Asked if the managers had broken any law when they introduced this policy, Archie said: “Not that I am aware of.” Archie answered the question during yesterday’s weekly media briefing at the Police Administration Building, Port-of-Spain. Meanwhile, president of the Zoological Society Gupte Lutchmedial is standing by the decision to enforce a strict dress code for patrons.
Speaking yesterday, Lutchmedial explained that although they receive a government subvention, the zoo is privately owned and run by a board of directors who set the rules. Stressing that a dress code had been introduced in 1952 when the zoo was first opened, Lutchmedial said: “This is like a school and can be considered a public place, and we too have rules and regulations. We reserve the right to admit entry to anyone who is bareback, dressed in skimpy clothes and whose underwear is exposed.”
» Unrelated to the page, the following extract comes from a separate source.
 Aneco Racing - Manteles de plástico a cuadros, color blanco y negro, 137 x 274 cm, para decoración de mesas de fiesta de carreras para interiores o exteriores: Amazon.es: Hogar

The decision to ban people wearing “baggy or saggy” pants is similar to the one taken in 2007 when a strict no-smoking policy was implemented. Lutchmedial said just like in that instance they took that decision and this new one after people started complaining through the zoo’s suggestion box about the standards being set, as children were present everyday. He revealed that out of 28 complaints received in January, 16 dealt with the issue of exposed underwear.
Lutchmedial said this prompted the board to review its dress code policy, with a view to enforcing stricter penalties. Before entering the zoo, patrons are advised to fix their attire and if found to be exposing their underwear after being admitted, Lutchmedial said, ever-vigilant security guards will escort the person out and they will be refunded their money.
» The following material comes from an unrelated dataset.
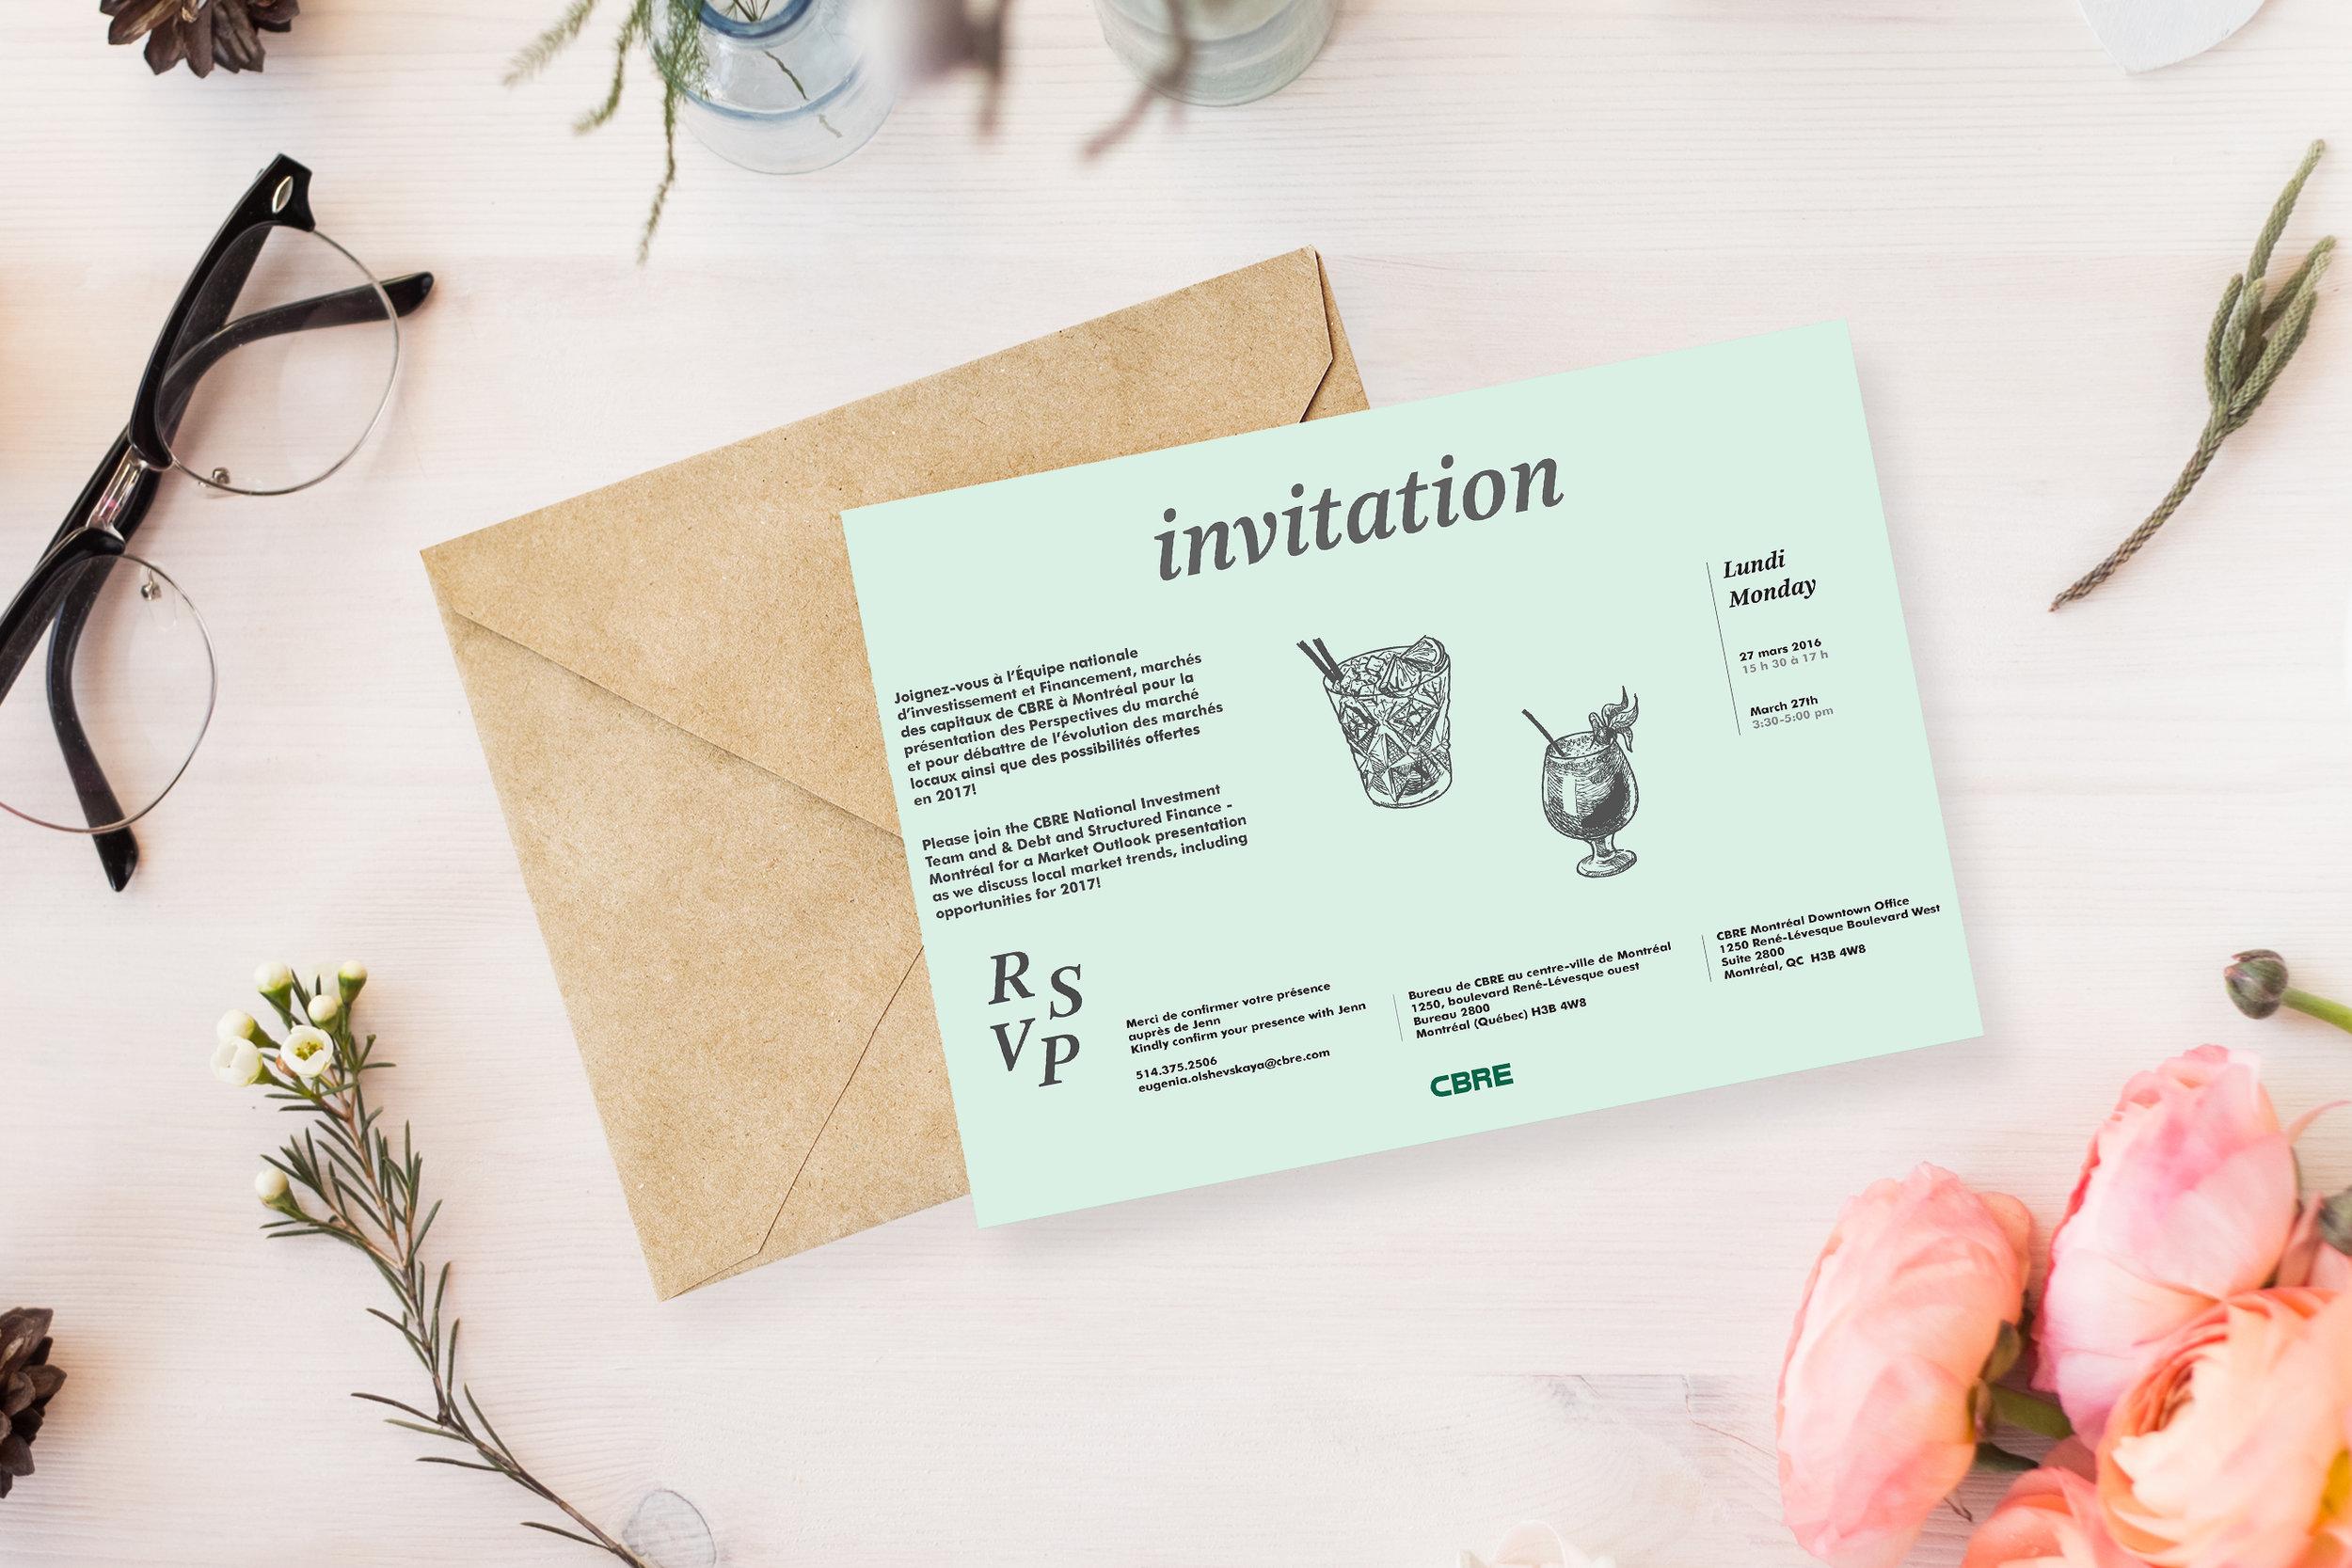 Invitation CBRE

Failure to comply with the regulations will result in people being barred from entering the facility. “The dress code was always there but it was slightly modified. People just have to follow the rules and abide by the law,” Lutchmedial said. Since its enforcement last week, Lutchmedial said the revised dress code had found favour with many visitors who had expressed through the suggestion box, calls and letters to newspaper editors, their satisfaction by the management's decision to ensure people were properly dressed.